Debating India

Fighting factionalism

Monday 11 April 2005

AFTER FAILING TO settle factional wars through consensus or compromise, the Congress high command appears to be falling back on organisational elections as a dispute-resolving mechanism. Several of the nine State units where these polls have been rescheduled suffer from dissidence and revolt. In Kerala, organisational elections have been one of the major demands of the dissident group led by the former Chief Minister, K. Karunakaran. Although the party polls in Kerala were rescheduled along with those of eight other States, the high command did not seem particularly keen to hide the fact that it was giving in to the terms set by Mr. Karunakaran. In the case of Kerala alone, the returning officers will be from outside the State: 13 from Tamil Nadu and one from Andhra Pradesh. Although the All India Congress Committee has not yet revoked the suspension of Mr. Karunakaran’s son, K. Muraleedharan, several faction leaders see in the organisational polls an opportunity to return to the mainstream of the party. Rather than continue to raise other issues at this juncture, many of them want to take advantage of the polls to increase the faction’s representation in decision-making bodies. Thus, for the moment, the polls have served as a meeting point for the two dominant factions.

In Tamil Nadu, another State where factionalism has been endemic, organisational polls will likewise present the different groups an opportunity to capture the District Congress Committees. Even after the merger of the Tamil Maanila Congress - the dominant stream of the old but no longer grand party in the State - and the consequent accommodation of its leaders in positions of responsibility in the Congress, the party is hardly performing as one coherent unit. The Congress is not in power in Tamil Nadu, and the factional chieftains have a reduced stake in lobbying for posts in the organisation. However, in the post-merger phase, the TMC stream felt grossly under-represented where it really mattered. The organisational polls might help those looking to legitimise their claims for an enhanced share of power. In Pondicherry, the organisational polls have been rescheduled after a senior leader, P. Kannan, defied the high command and launched a tirade against the Chief Minister, N. Rangaswamy. Mr. Kannan, who had earlier merged his independent outfit with the Congress, seems to command the support of a sizable number of the primary members of the party. He has the choice of forcing a split - or using the polls as a testing ground of his strength.

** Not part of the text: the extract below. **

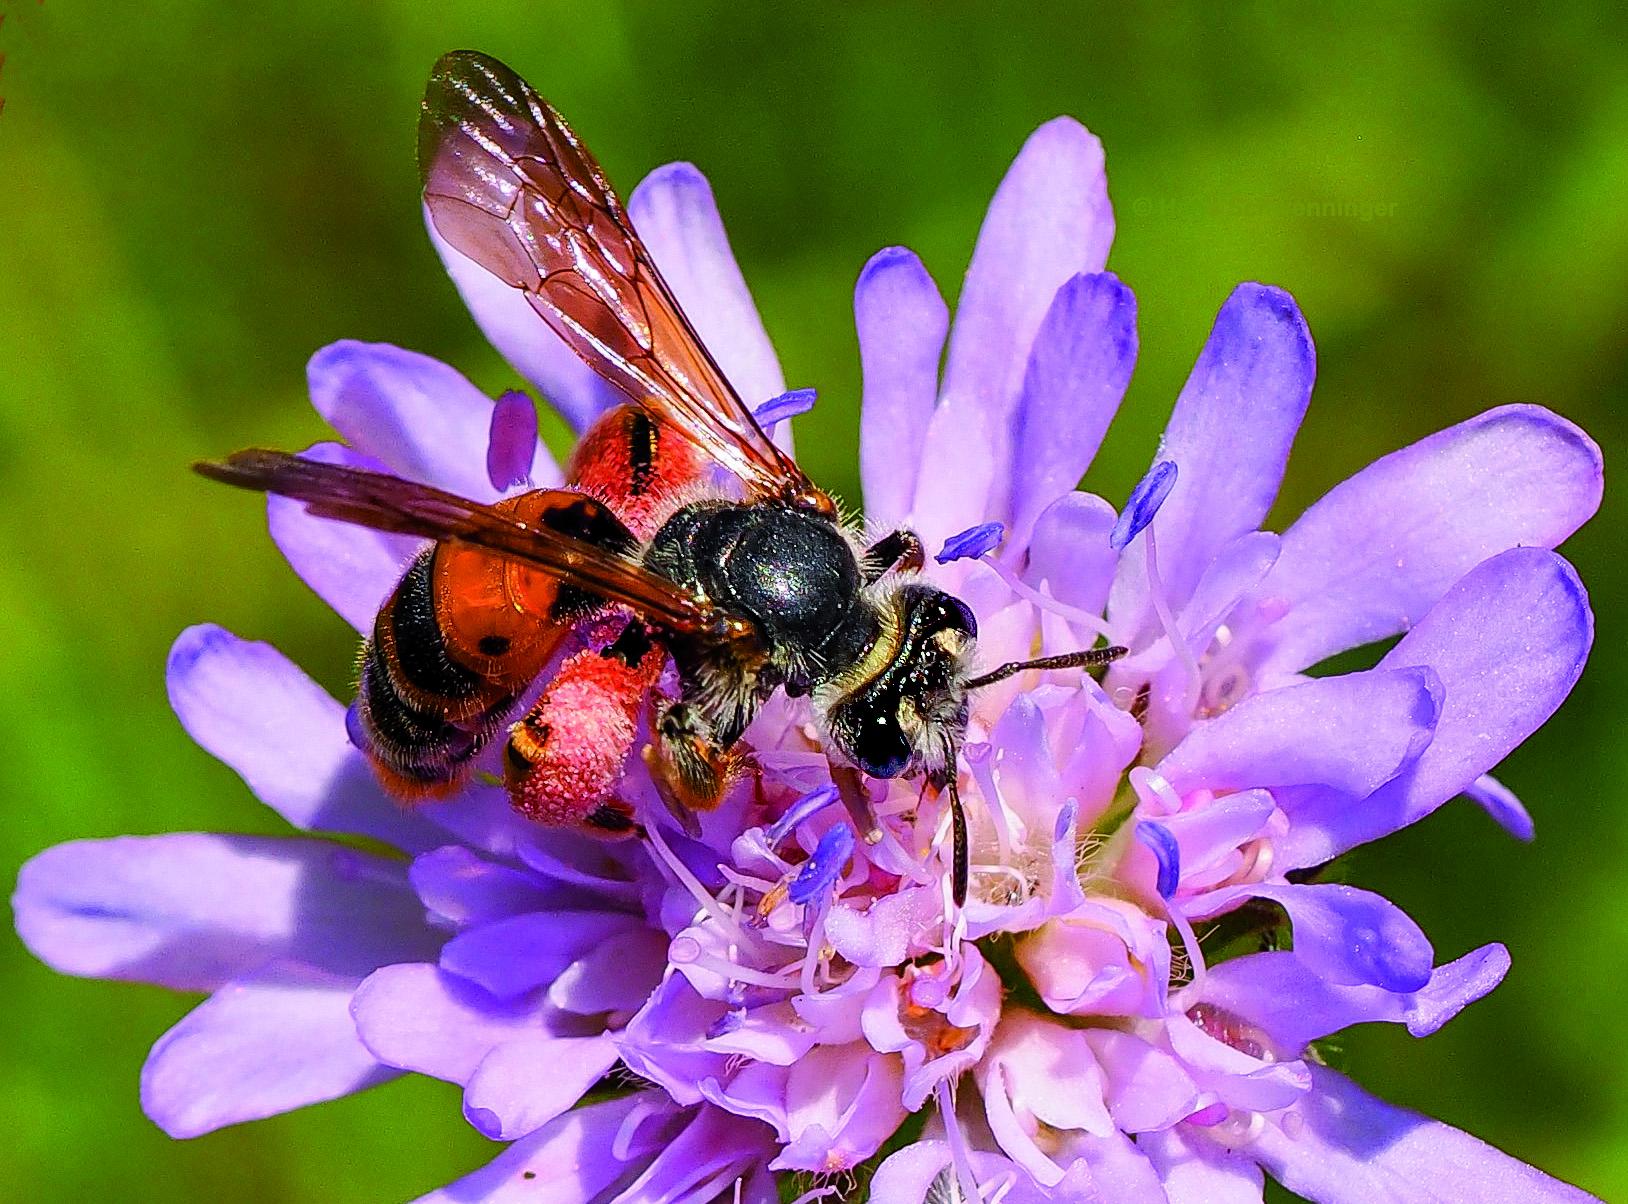 Für den Anfang können Sie sich schon einmal mit der Wildbiene des Jahres 2017 vertraut machen: die Knautien-Sandbiene, deren Weibchen rote Pollenhosen tragen.

In all the three State units, organisational elections offer the high command a chance to settle the conflicting claims of the dominant factions without seeming to take sides. In Kerala, where the Karunakaran faction was stepping up the pressure using `inner-party democracy’ as the mobilising slogan, the conduct of the polls has seemingly restored the moral authority of the high command. But what is certain is that the polls will not see the end of the factional wars. Those who have reason to be unhappy with the outcome will press on with their overweening demands. After all, inner-party democracy goes far beyond organisational polls held every now and then. Believe it or not, Congress factionalism in some States is rooted in differences over goals and strategies, rather than being expressions of the personal ambitions of group leaders. Organisational polls can help, to an extent, in separating the pretenders from the leaders, but cannot resolve issue-based conflicts within the party.